Killing an Embryo?
It recently occurred to me that there is yet another reason why the Christian Right is wrong on stem cell research. It frankly amazes me that this argument has not come out before.
The opponents of stem cell research allege that an embryo must be destroyed for embryonic stem cell research to occur. This is not exactly true. The part of the blastocyst that is dispensed with in harvesting stem cells is not the embryo at all, but that portion that will eventually become part of the placenta. What will eventually become the embryo are the stem cells. If only two or three of the stem cells were harvested and the blastocyst were attached implanted in a uterus, a normal child could eventually develop. The harvested cells do not take from the whole, which means that in and of themselves they have no individuality. After gastrulation, every cell is necessary. Prior to gastrulation, every stem cell is expendable. By any non-politicial definition of what a soul is, from ontological to metaphysical, blastocysts do not have them and post-gastrulation embyos do (since from that point on they are individual and their development directive).

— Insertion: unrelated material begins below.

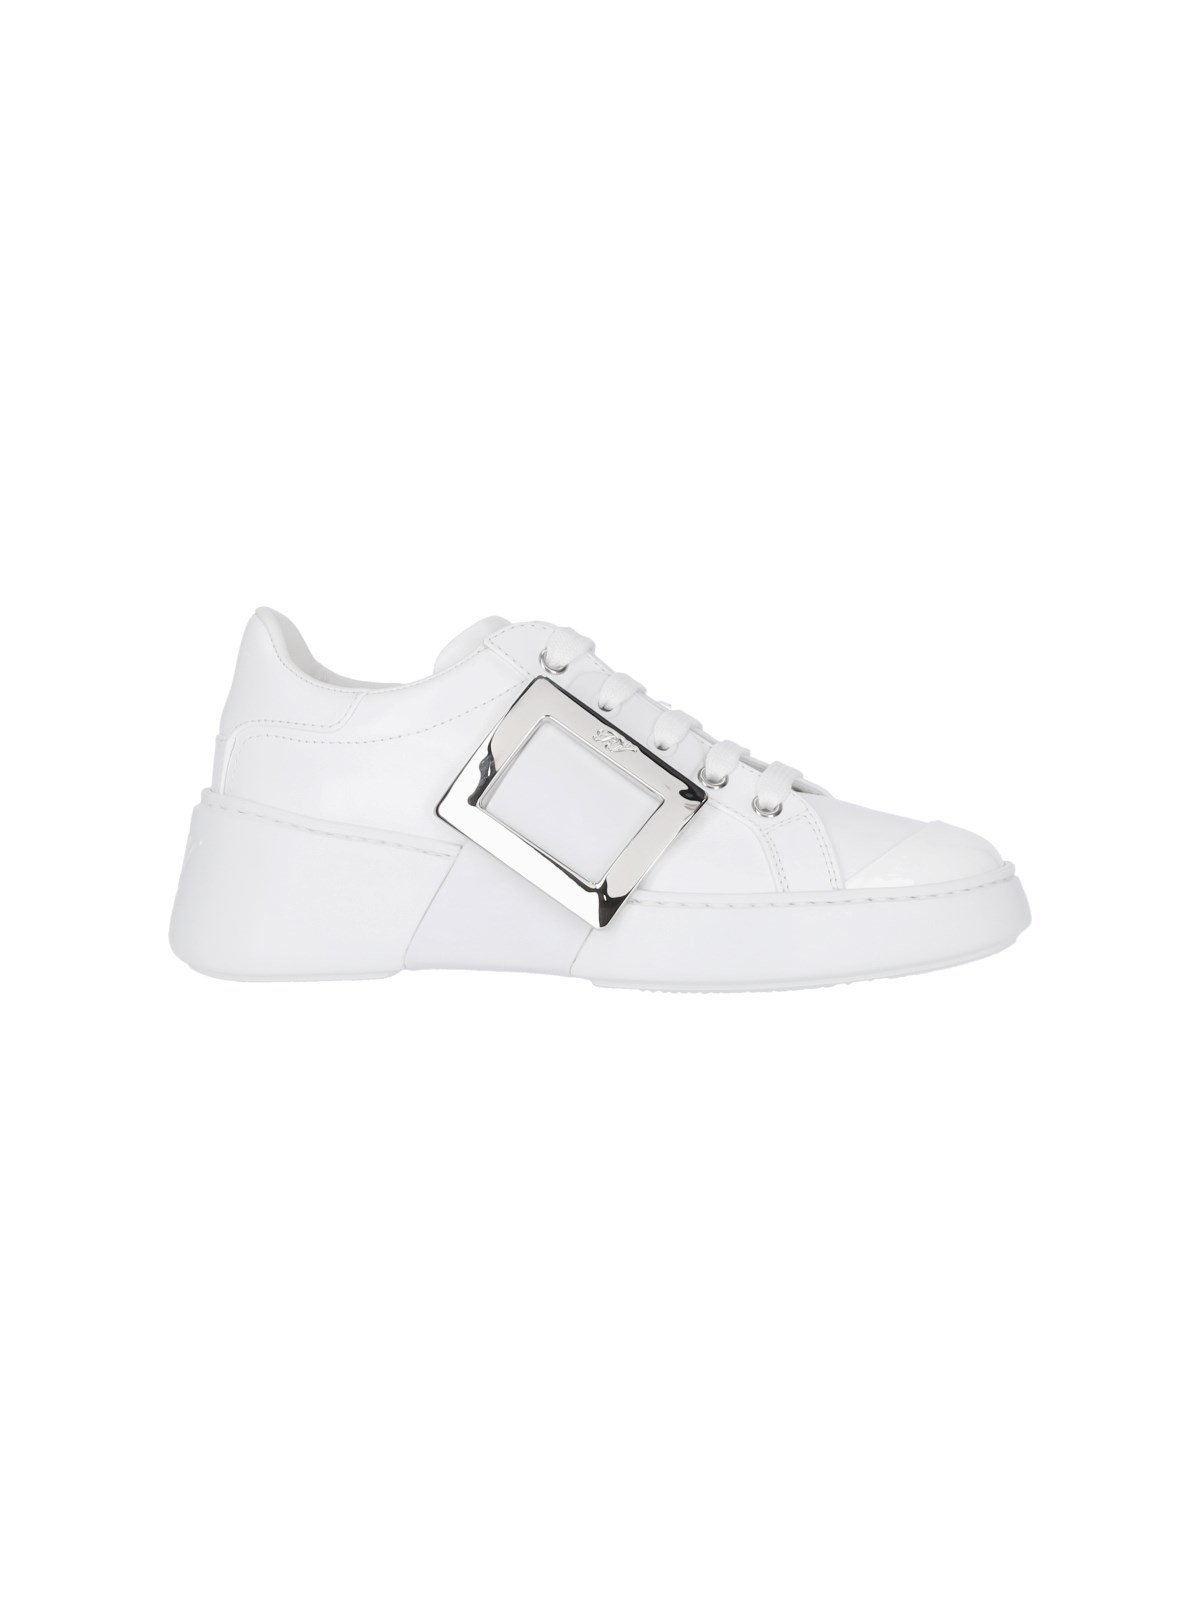 Roger Vivier Women's Viv Skate Leather Sneakers In White

Recent developments show promise in circumventing this argument, which is a welcome development. That does not save the right wing from their error on this issue.

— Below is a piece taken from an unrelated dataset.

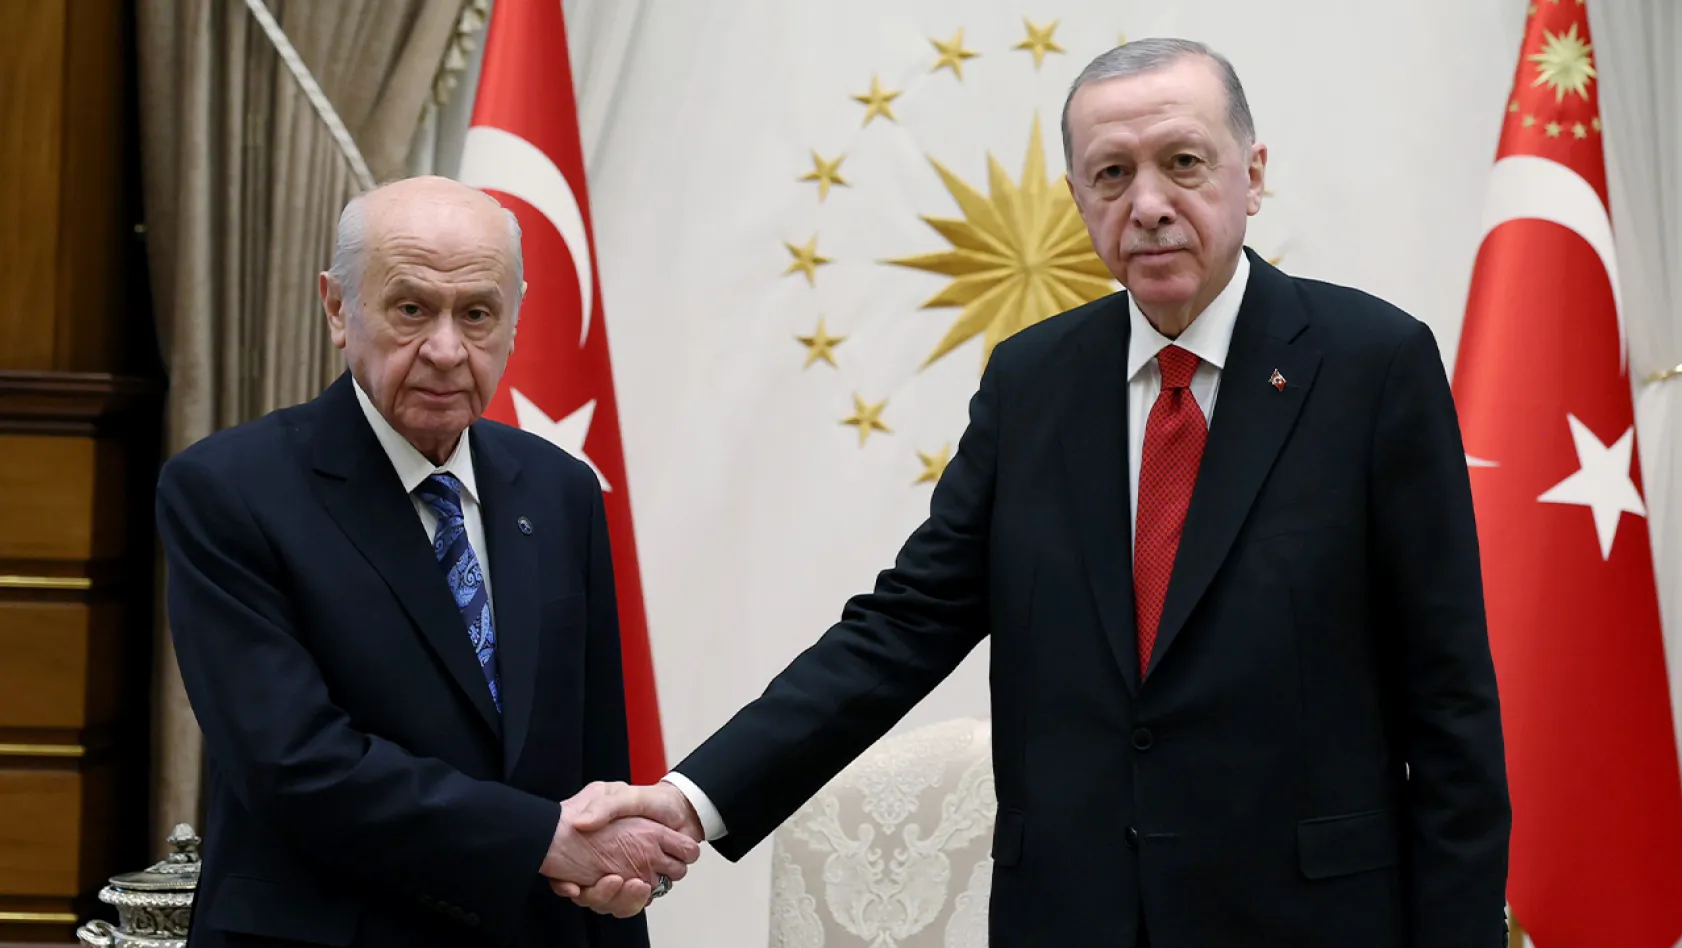 Erdoğan ve Bahçeli Beştepe'de bir araya geldi

The importance of research on embyonic stem cells is not what we can do with the stem cells themselves. Rather, it is their eventual use in theraputic cloning - the insertion of DNA into an egg to create a blastocyst with harvestable stem cells which can be tricked into growing a new organ or spinal cord. Of course, the cells that are created will be the same "age" as the host when the cells were extracted. The only way they could be used to do something really radical, like reverse the aging process, would be to harvest and preserve the cells of a 20 year old and freeze them for use 70 years later in making stem cells and organs to replace the ones that have worn out. So long as you don't use all the cells with 20 year old telemeres you could keep repeating the process forever, as long as enough of the "20 year old" cells are kept in stasis to keep growing cloned parts. Of course, with recent developments, we may be able to do that without theraputic cloning. Theraputic cloning research is still necessary because it provides another option.